How in the world does a team that went to 4 straight Super Bowls

I am assuming you meant 1 Superbowl and 4 NFC Championship games or something along those lines?

Id have to refer to clump on this one.

But Philly has been in this shape the past like 3 seasons. Owens is in the 2nd year of I believe a 49 Million dollar deal. Mcnabb signed like a 115 mil - 14 year contract in 2002 or 2003 and that contract escalates gradually his pay doesnt get hairy for Philly till like 2008 or 2009.

Lastly you have Jevon Kearse whose deal is for 8 years and 66 Mil. 20 mil of his contract is paid in the form of a 16 mil signing bonus and 4 mil roster bonus in the first two seasons.
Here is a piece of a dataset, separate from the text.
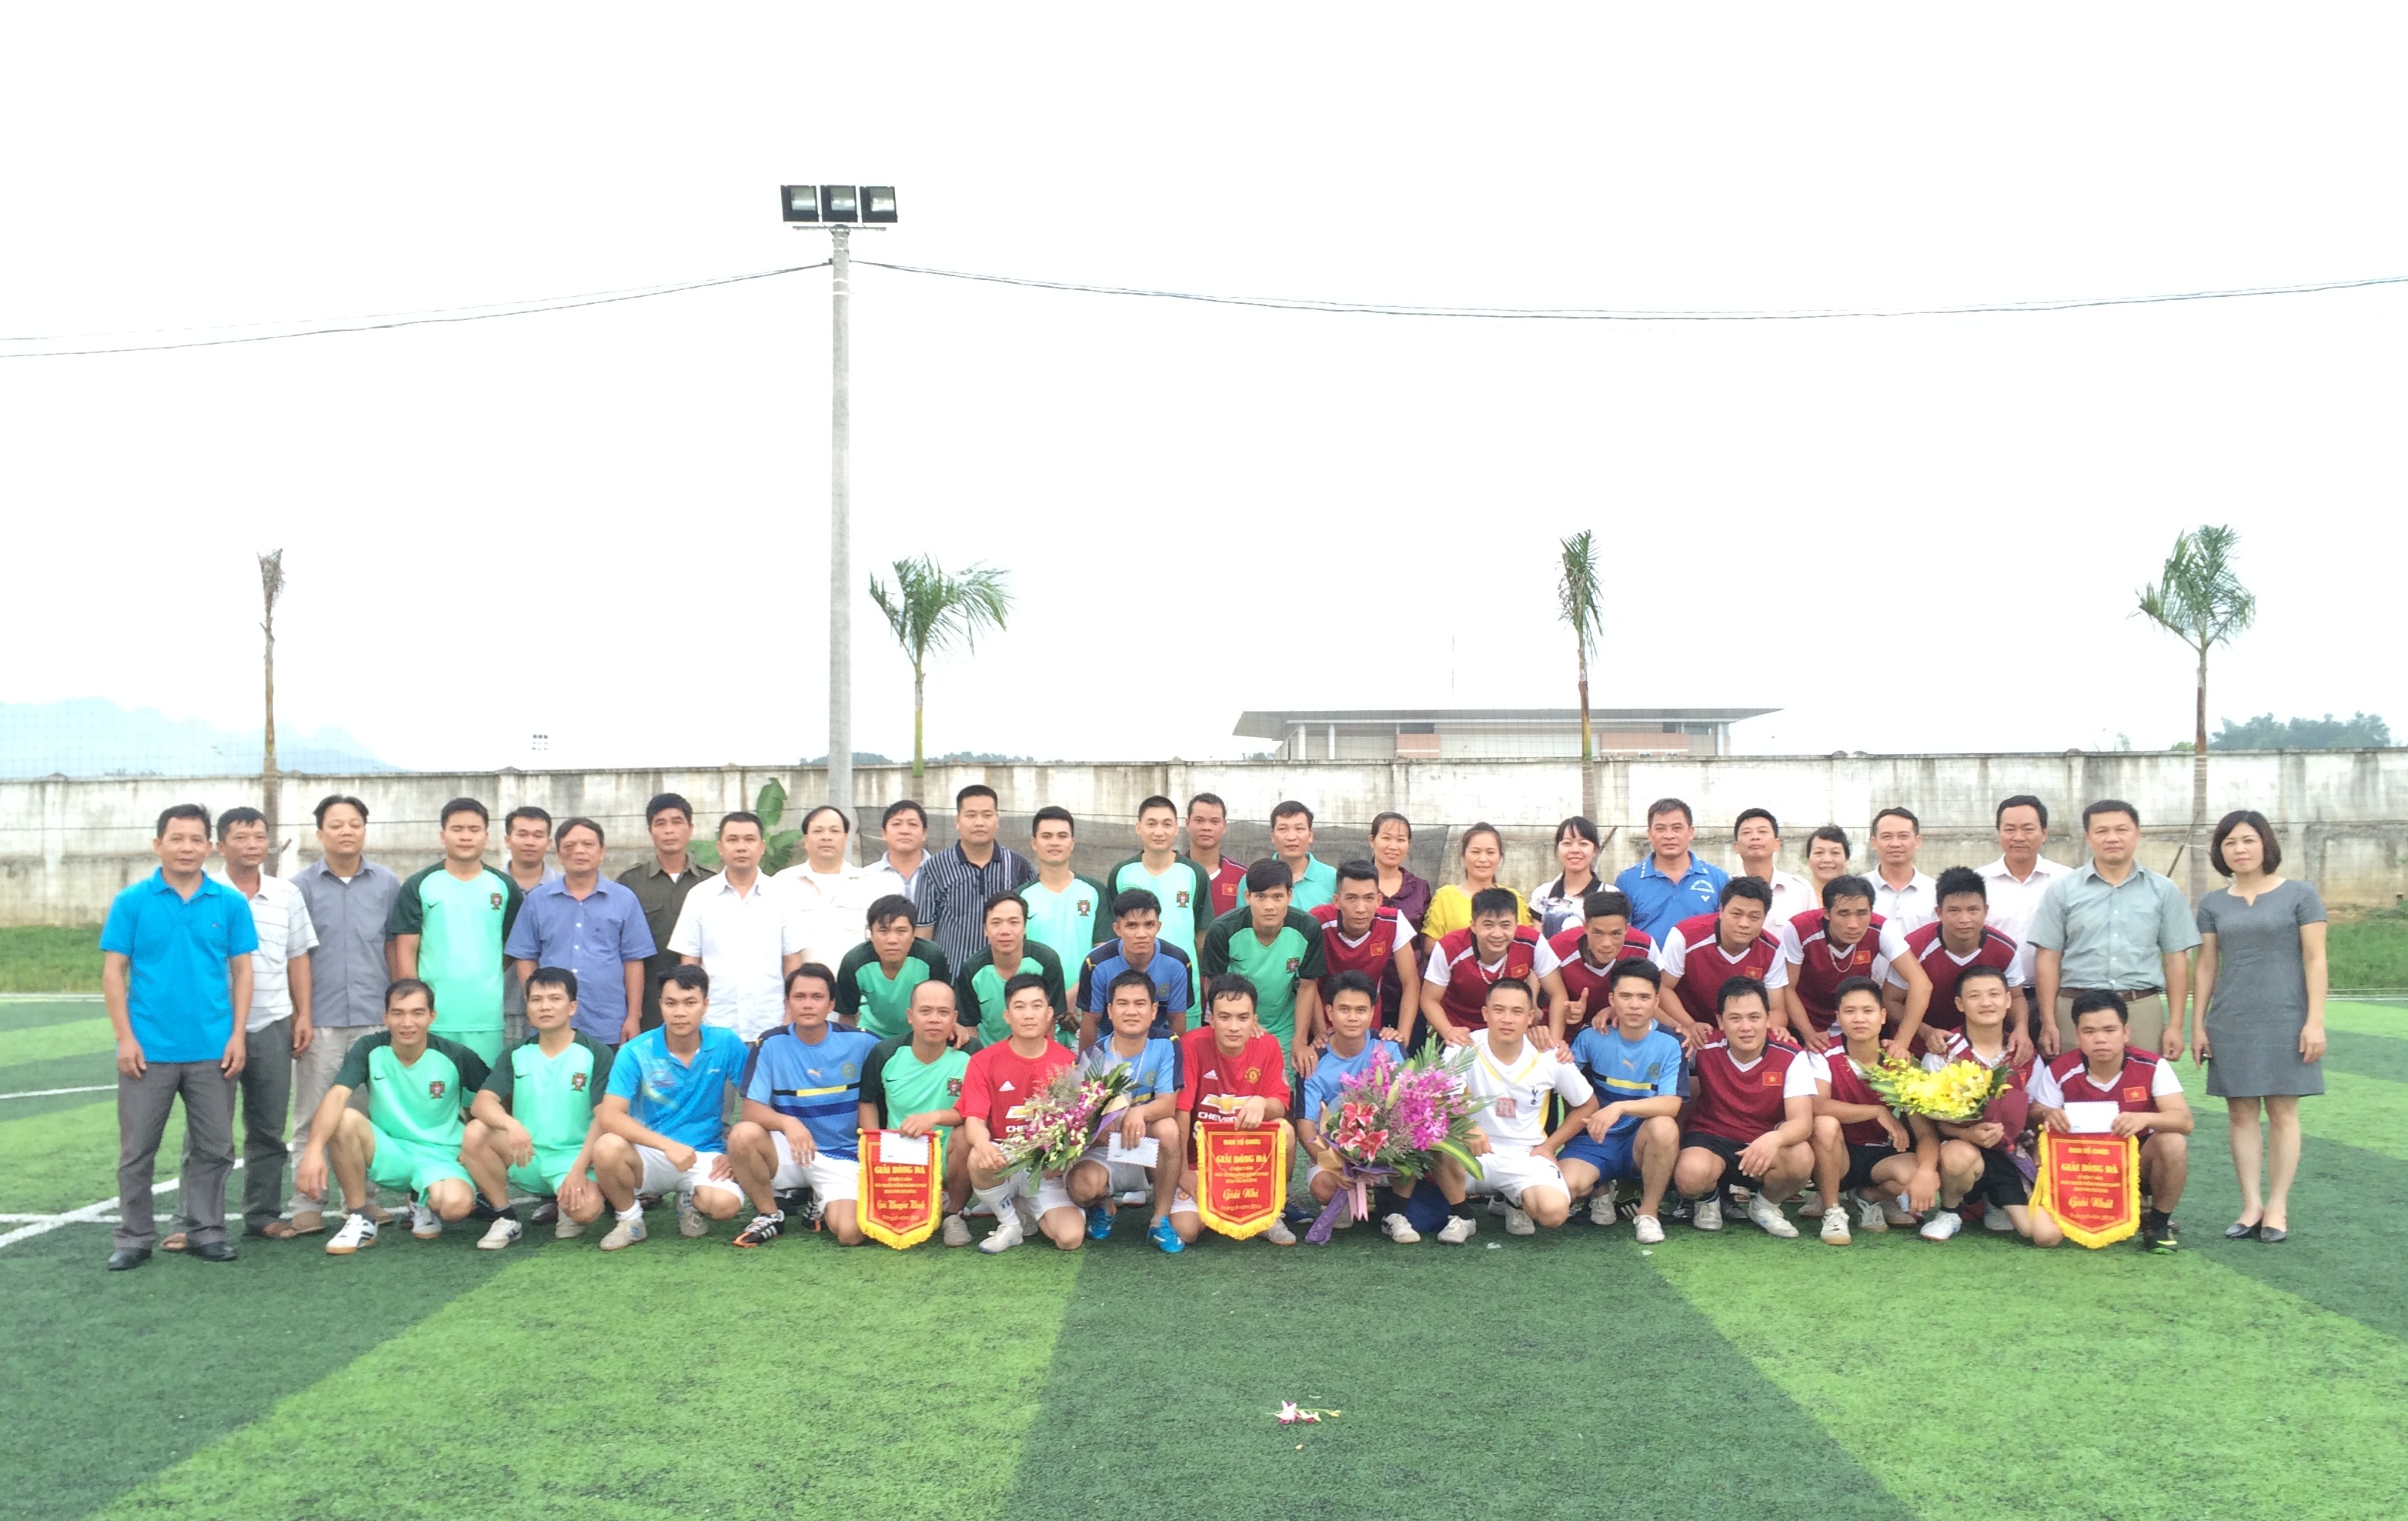 Chi đoàn Cục Thi hành án dân sự tỉnh Cao Bằng tổ chức giải bóng đá  chào mừng kỷ niệm 71 năm  Ngày truyền thống Ngành Tư pháp và  71 nămQuốc khánh nước cộng hòa xã hội chủ nghĩa Việt Nam
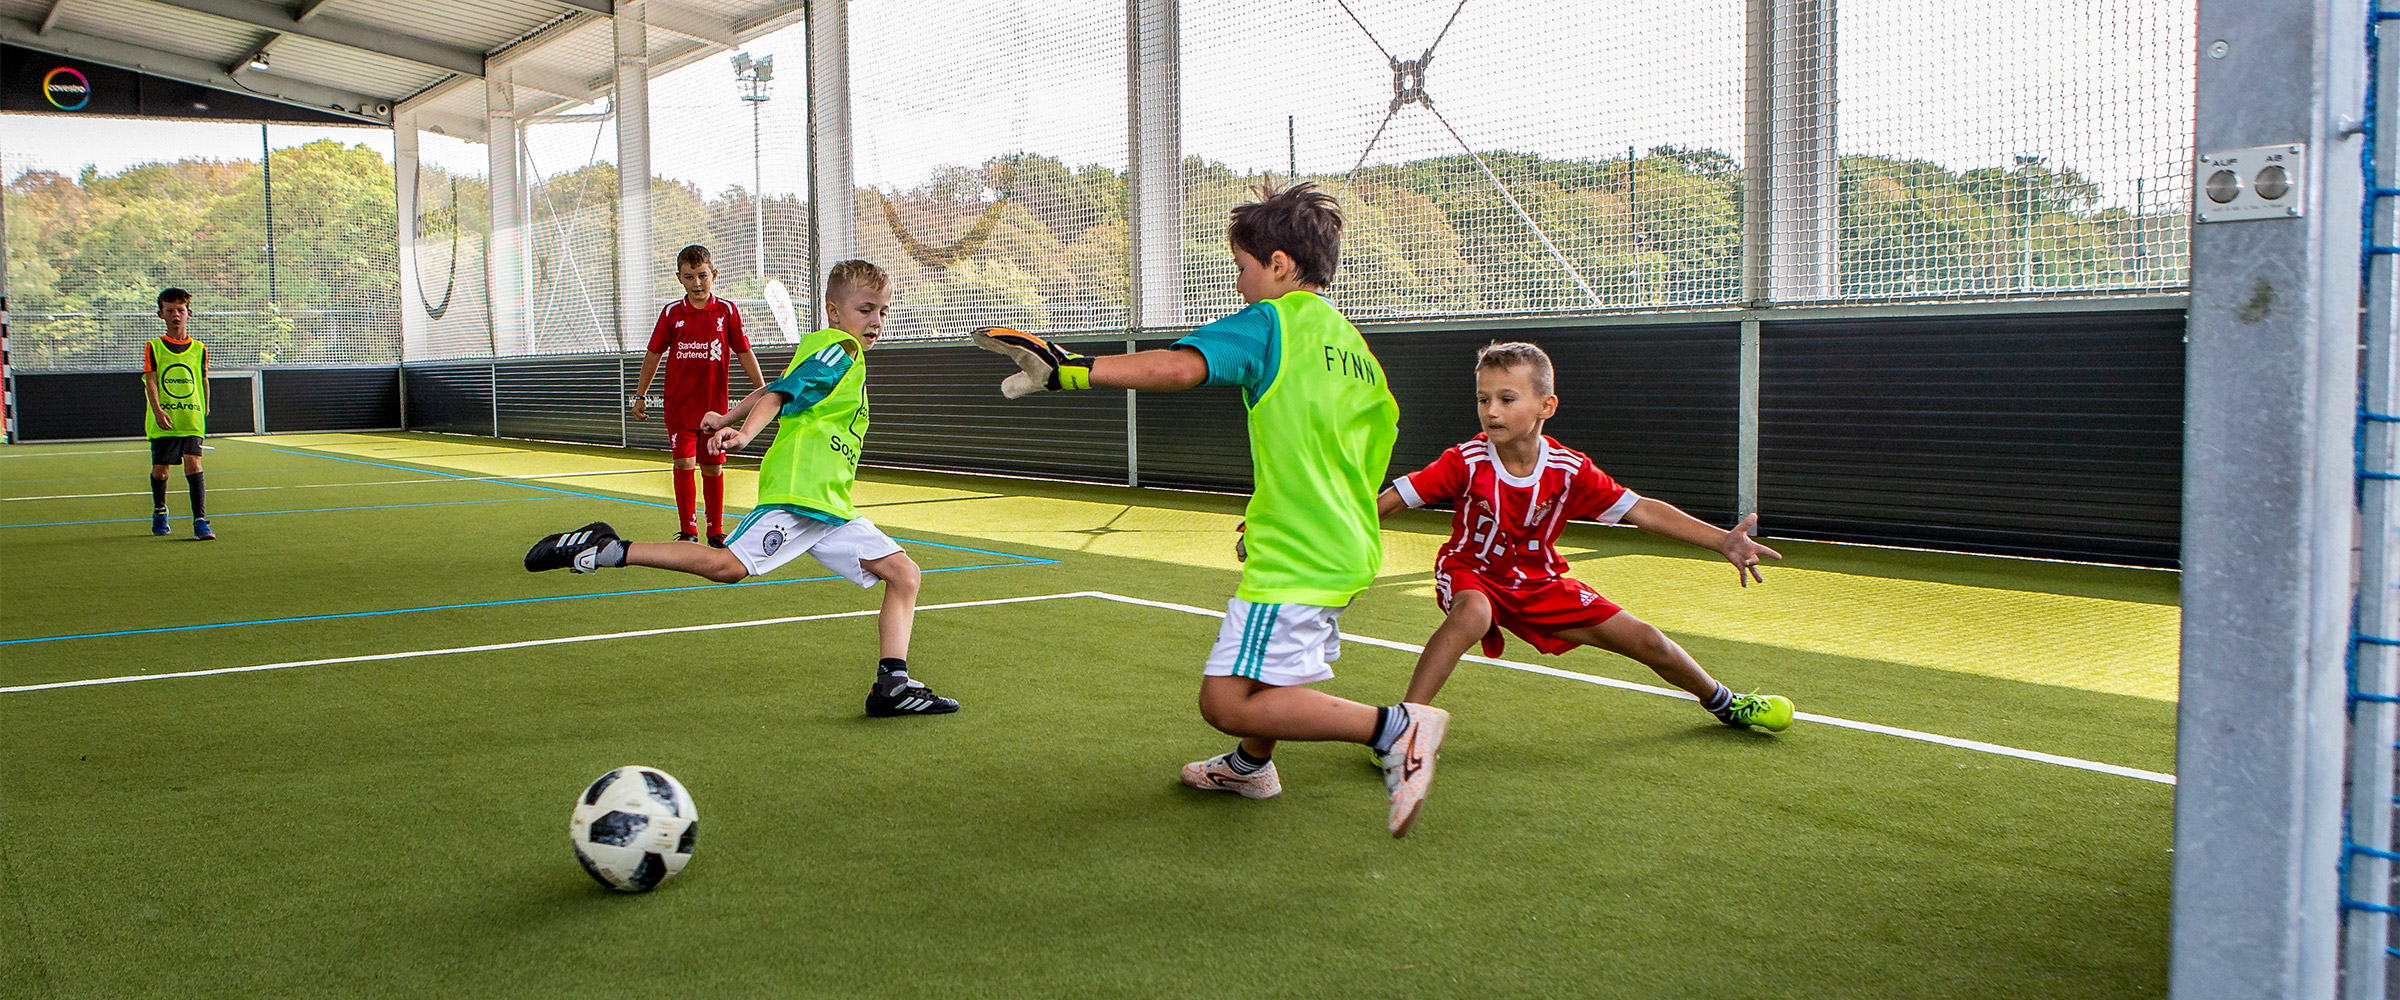 Feier Deinen Kindergeburtstag in der SoccArena Krefeld. Mit Freunden Fußball spielen und die McArena Krefled nutzen.

As far as how they managed their money I defer to clump.

Jeff1220
11-11-2005, 06:48 AM
They do develop homegrown players pretty well. Drafting well helps your cap figures tremendously.

BillsFever21
11-11-2005, 08:30 AM
It's called a creative front office. Something we don't have.

madness
11-11-2005, 08:47 AM
How in the world does a team that went to 4 straight Super Bowls,have Mcnabb and sign TO to a 47 million dollar contract, manage to put a team on the field that wins year after. How do they convince these guys to stay for the pay they're getting? Did someone offer them a Wendy's Bacon Melt or something?